LG電子が2年あまりのこだわりの末にオーストリアの自動車照明企業ZKW社を買収し、熱かった交渉過程が注目を集めている。投資銀行業界によると、ZKWは日本のパナソニックと韓国のLG電子をめぐって比較検討するよりも、そうそうにLG電子を最適の引受者として指名したことが分かった。今回の契約に精通した業界関係者は、「ZKWが交渉過程で集中的に見た基準は、まさに買収候補企業のグローバルネットワークだった」とし、「ZKWはより優れたグローバルネットワークを持つ候補者が、ZKWを世界的な企業に育ててくれることを願った」とした。
全大陸にわたって販売網を持つLG電子が、パナソニックよりもはるかに有利な立場で交渉したというわけだ。ここではZKWを支配している所有者ウルリッヒ・モマート(Ulrich Mommert)氏のユニークな経営哲学も一役買った。通常、ヨーロッパの伝統的な家族企業は徹底した現場実習を通じ、経営能力が確認された子孫に事業を継承する。
一方、ウルリッヒ・モマート所有者は「企業の持続可能性を高めてくれる適任者がいる場合は、いつでも喜んで売却できる」という立場を示してきたと伝えられた。

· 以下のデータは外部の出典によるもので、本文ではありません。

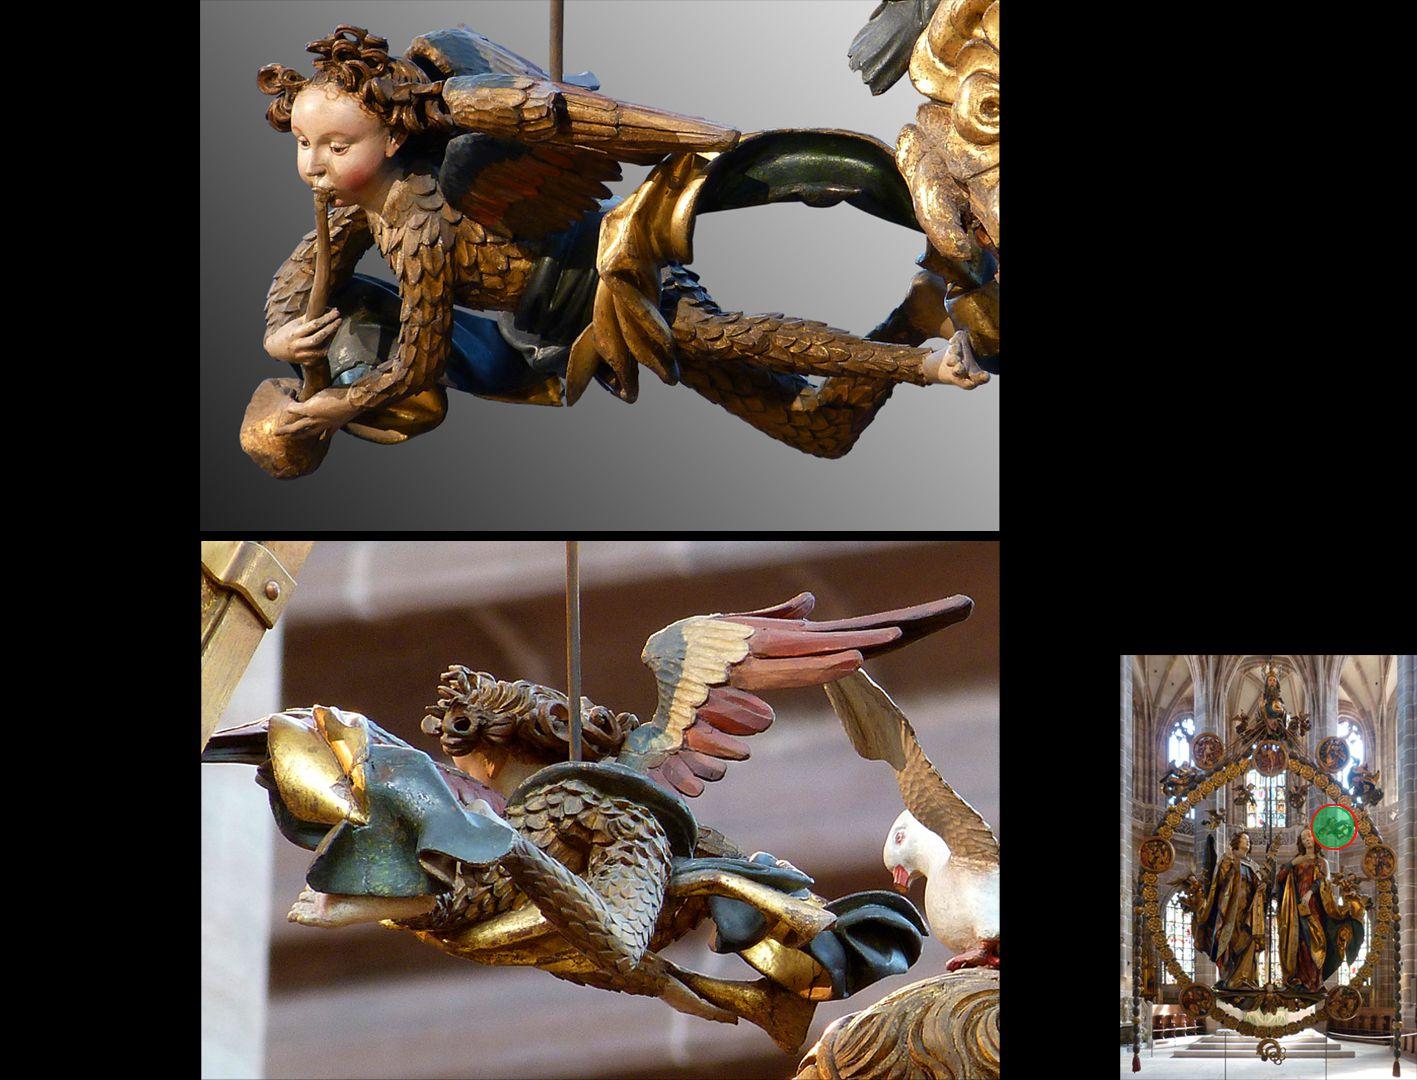 Englischer Gruß Engelchen im Federkleid mit Posaune von vorne und hinten (unten rechts Detaillokalisierung)
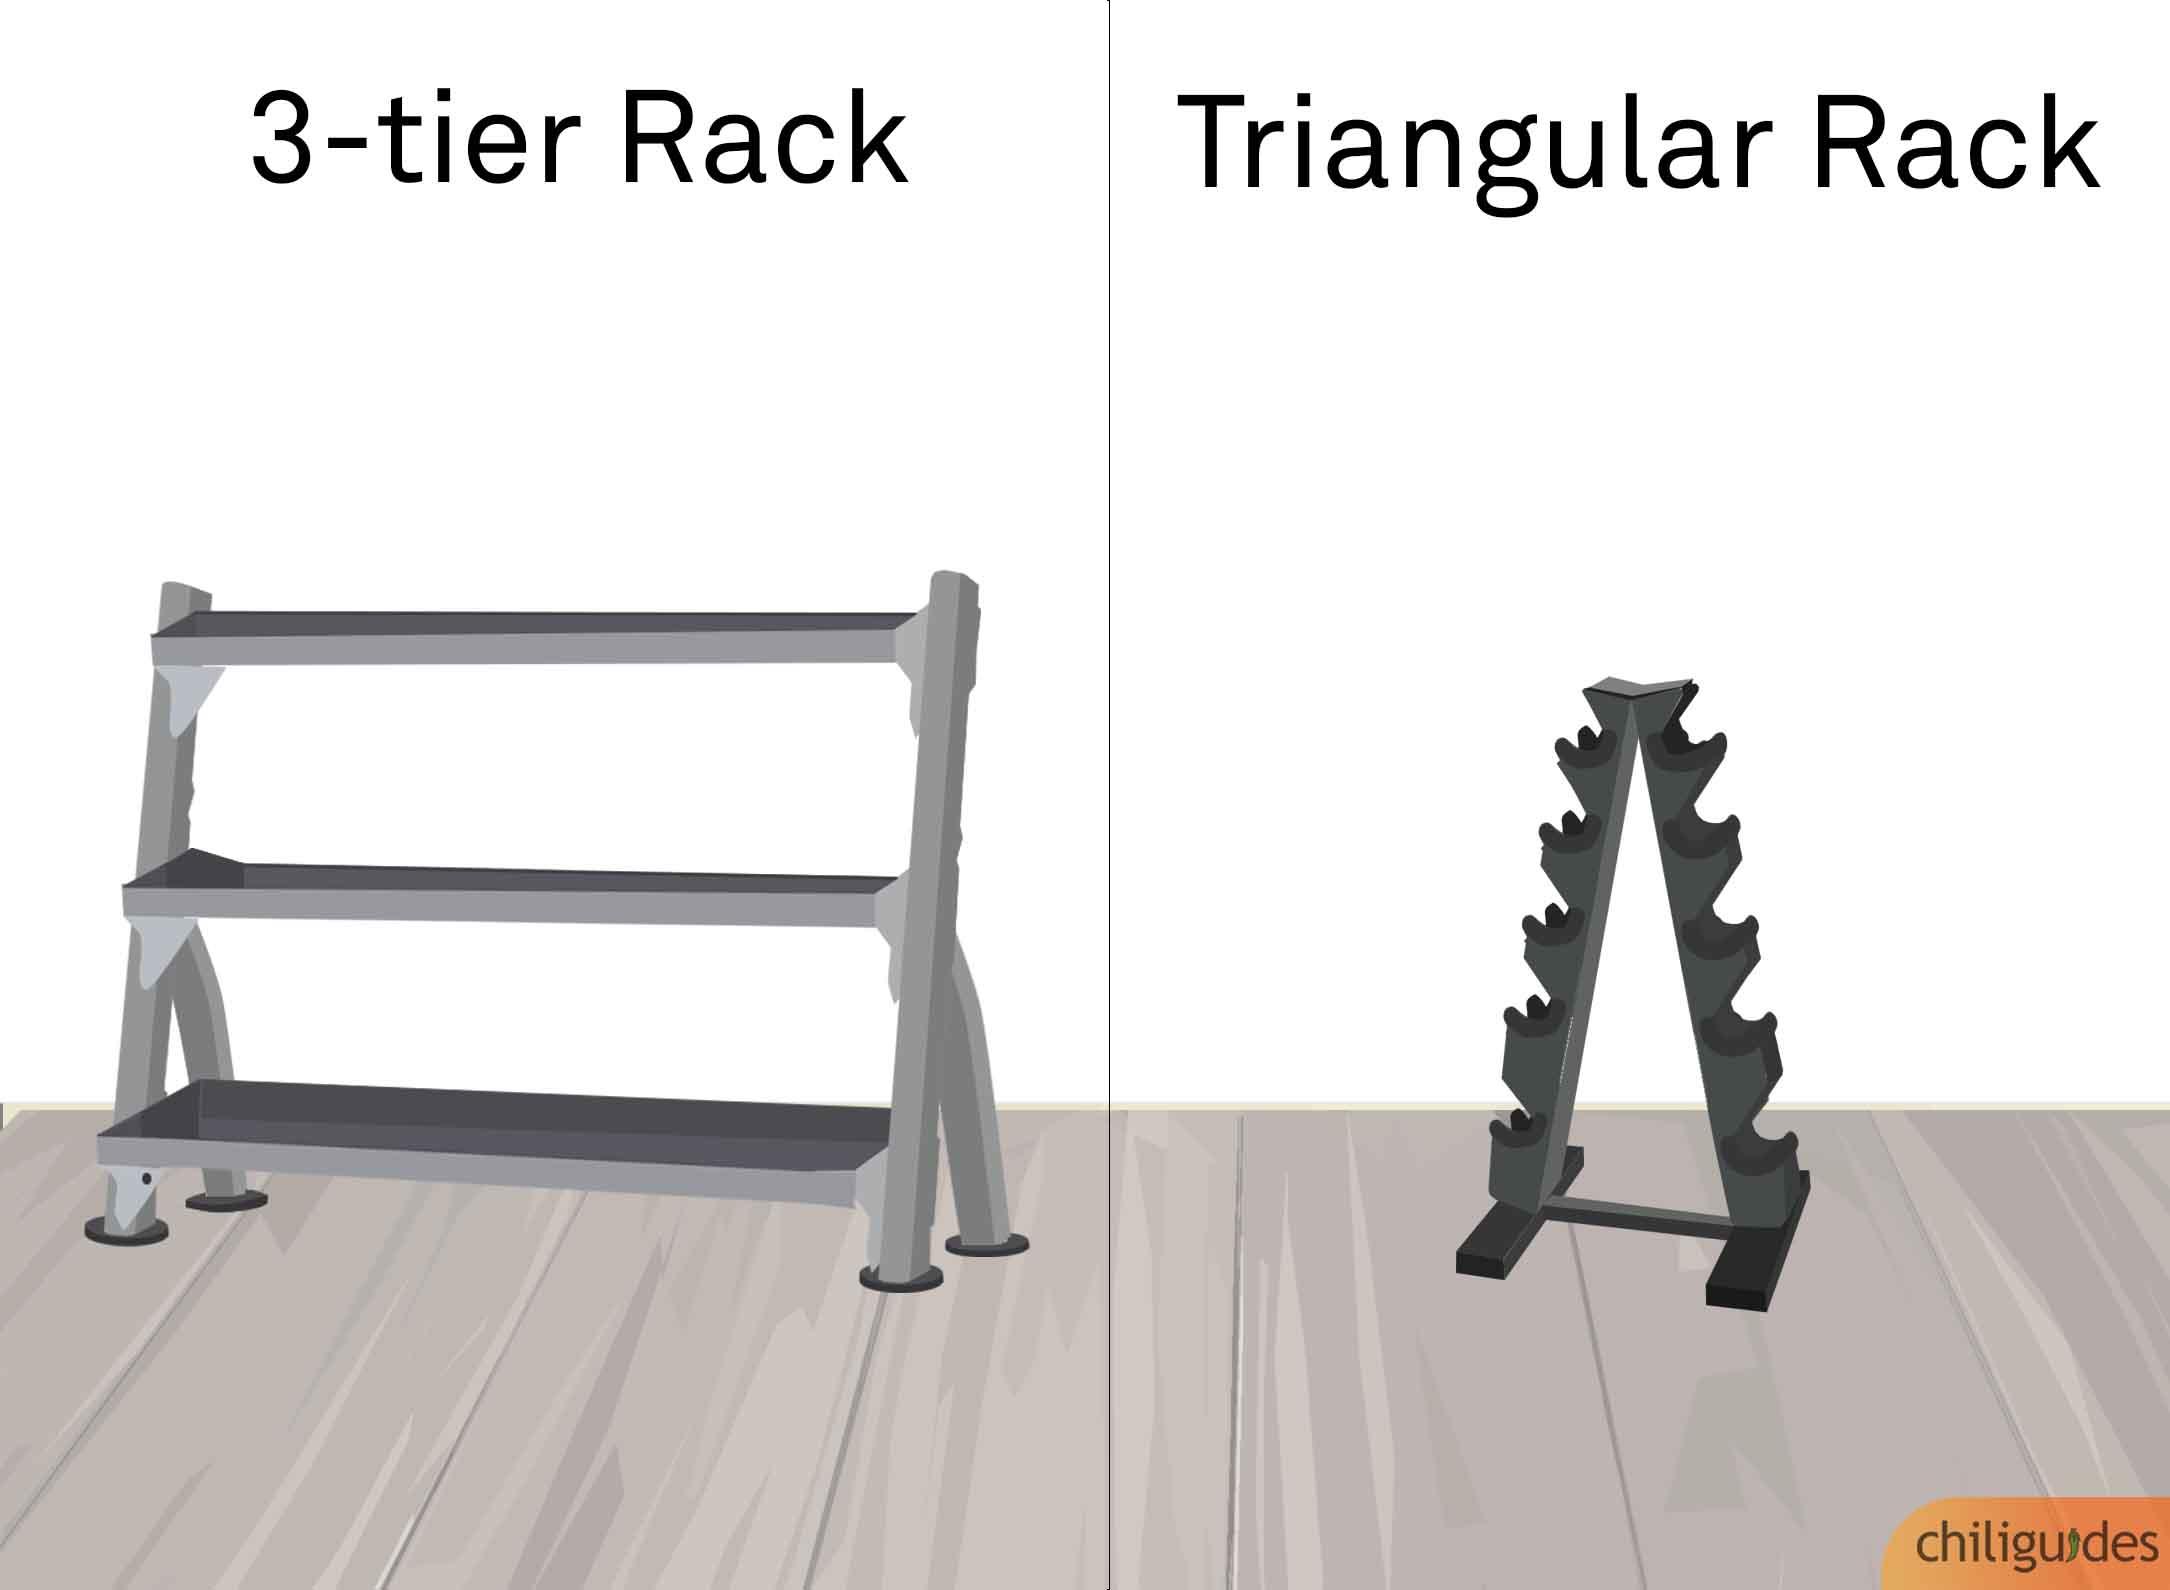 <p><b>3 Tier Rack vs. Triangular Rack</b></p>

業界関係者は、「LG電子と他のグループの主力社がすべて電装事業に参加しており、ZKWと高い相乗効果が保証されている状況だった」とし、「LGグループが韓国社会で模範企業という評判を得ている点も(モマート所有者が)考慮したと聞いている」と付け加えた。これに対してLG電子は、被買収企業の労働者の雇用保障期間を通常の契約より1~2年さらに長い「少なくとも5年以上」に延長して契約に署名した。これに対してLG電子の関係者は、「詳細な契約状況を明らかにすることはできないが、世界的な持続可能企業にZKWを成長させてほしいというモマート家の希望が大きかったのは事実」だとし、「ZKWとLGが蓄積してきた正道経営という経営哲学も、長い呼吸のディールが成果を出すところに役割を果たしたと聞いている」と語った。